*Records provided*.
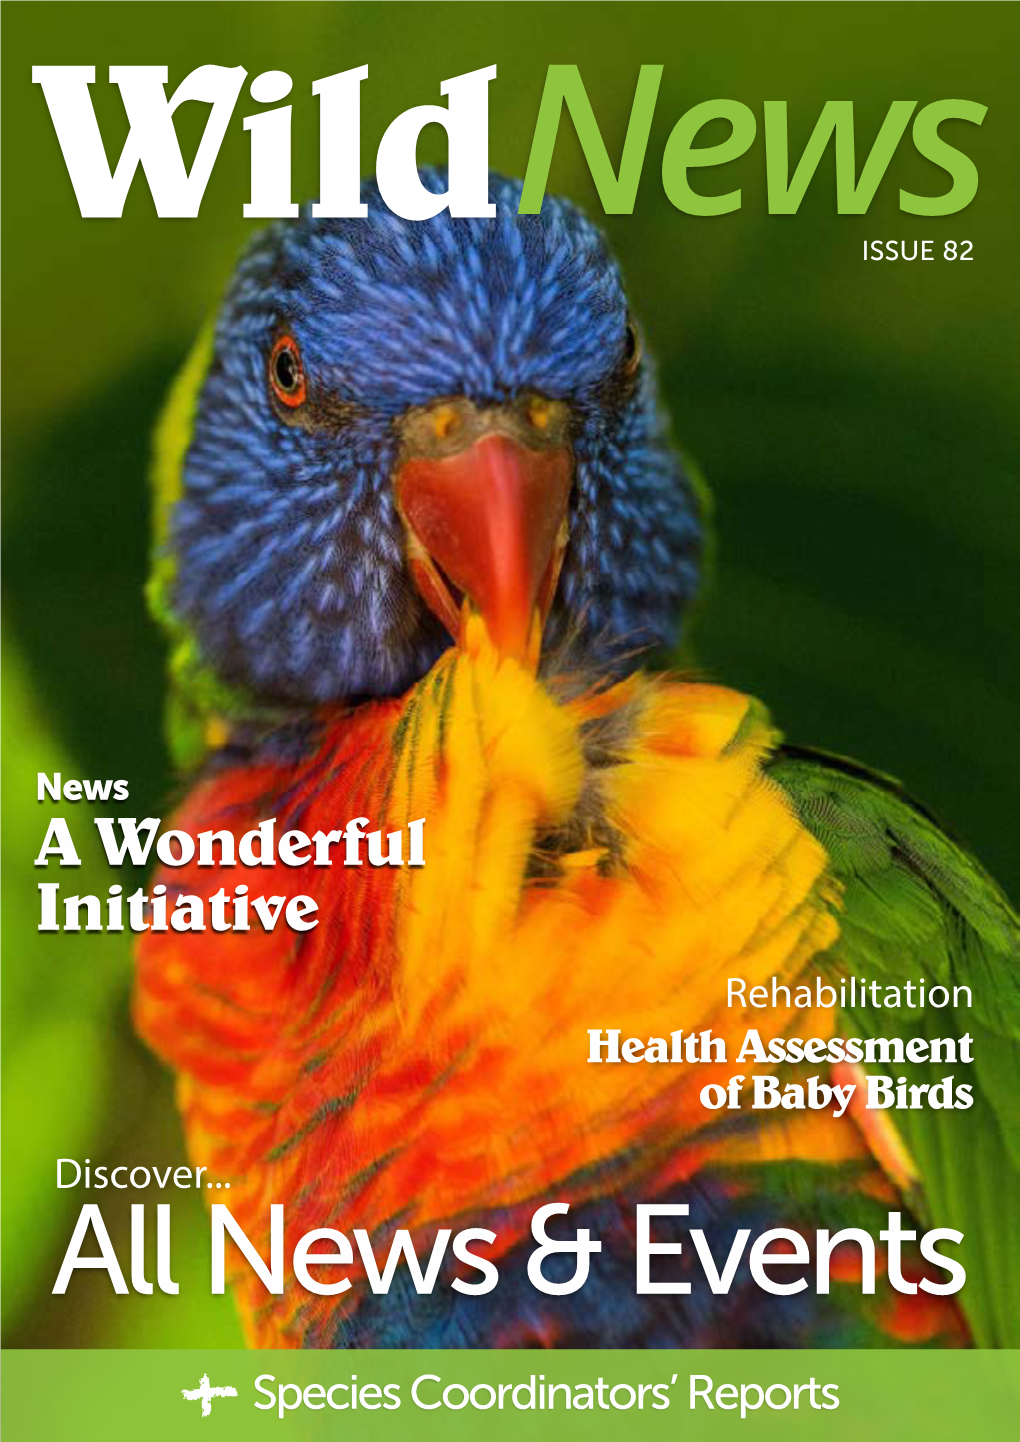 A Wonderful Initiative Rehabilitation Health Assessment of Baby Birds Discover
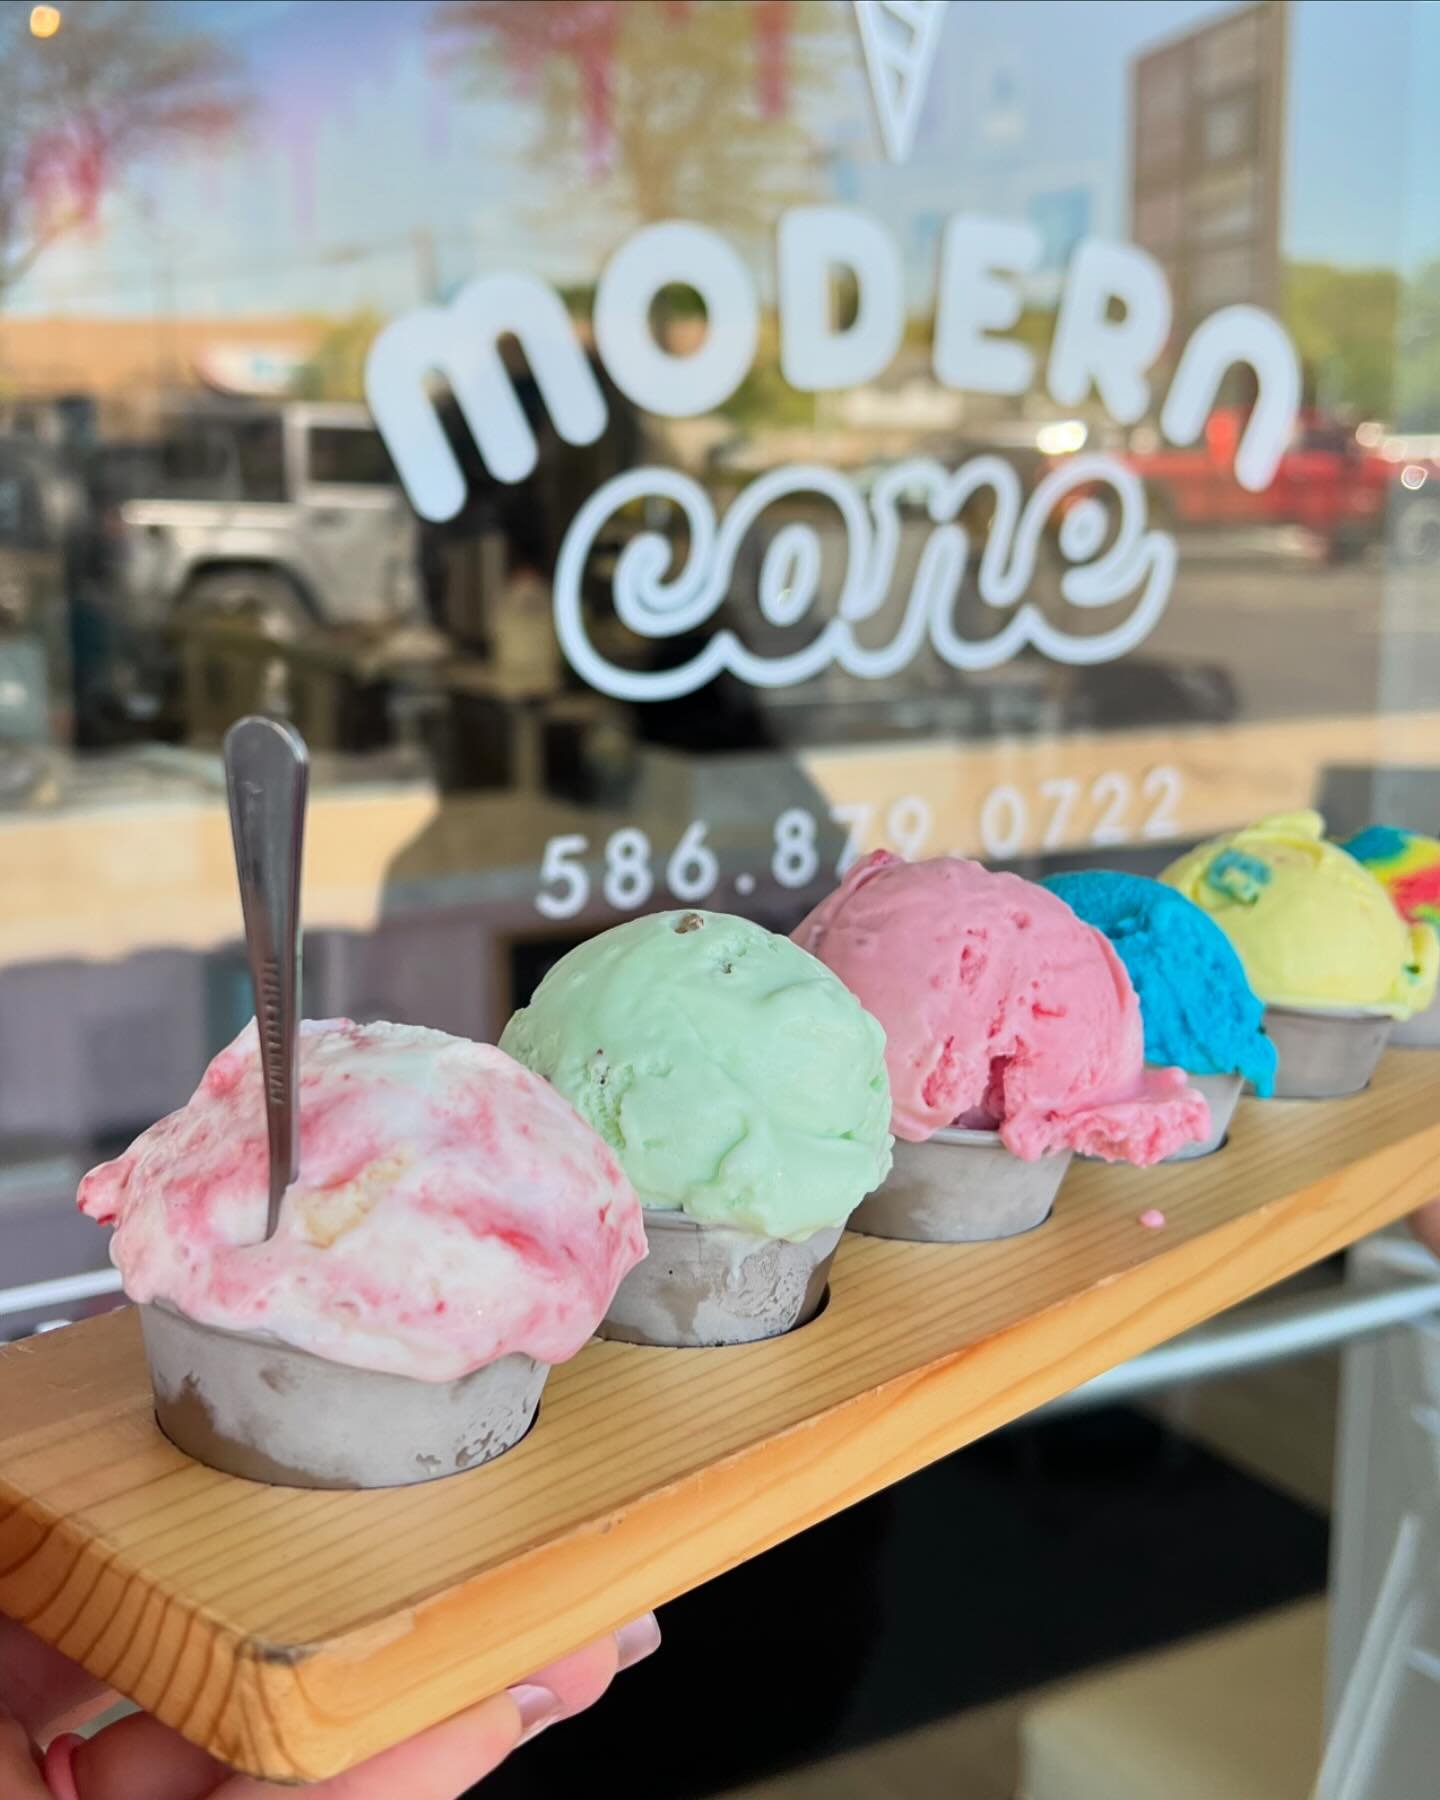 We aren&rsquo;t making you choose! 
Come grab a flight &amp; try 6 flavors 🍨 

📍 @moderncone 

#moderncone #metrodetroitfoodie #detroitfoodie

*Task requirements*. Provide an exact copy of the records, excluding every picture.

*Exercise solution*.
 A Wonderful Initiative Rehabilitation Health Assessment of Baby Birds Discover
 We aren&rsquo;t making you choose! 
Come grab a flight &amp; try 6 flavors 🍨 

📍 @moderncone 

#moderncone #metrodetroitfoodie #detroitfoodie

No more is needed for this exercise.